You can also try the binarized version of the term document matrix (i.e. instead of frequencies we look at whether a word is present or not)

pre_preds = val_term_doc.sign() @ ratio.T + b
preds = pre_preds.T > 0
(preds == y_val).mean()
0.9874439461883409

Learning the parameters with logistic regression

Finally, you might try taking it to the next level and learning the parameters with a logistic regression instead of using the theoretical ones. Check the parameters C for regularization and dual=True for when you term document matrix is much wider than it is tall.
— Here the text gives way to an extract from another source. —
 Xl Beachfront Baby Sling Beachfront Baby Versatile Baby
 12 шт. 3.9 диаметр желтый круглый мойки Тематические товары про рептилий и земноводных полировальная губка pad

m = LogisticRegression(C=1e1, dual=False)
m.fit(train_term_doc, y_train)
preds = m.predict(val_term_doc)
(preds == y_val).mean()
0.9811659192825112

# Binarized version
m = LogisticRegression(C=1e1, dual=False)
m.fit(train_term_doc.sign(), y_train)
preds = m.predict(val_term_doc.sign())
(preds == y_val).mean()
0.9802690582959641

Conclusion

We’ve managed to build a fast and considerably accurate naive Bayes model in just 10 lines of code. We’ve also discussed some ways for how it could be improved and adapted to your own problems, e.g. using n-grams, trying the binarized version or employing a logistic regression to learn the parameters.

It turns out that the best linear model that we can build (i.e. not involving RNNs or transformer) is actually a combination of naive Bayes and logistic regression, but that that is something for another time, although you can check this lesson from fast.ai if you want to find out more yourself.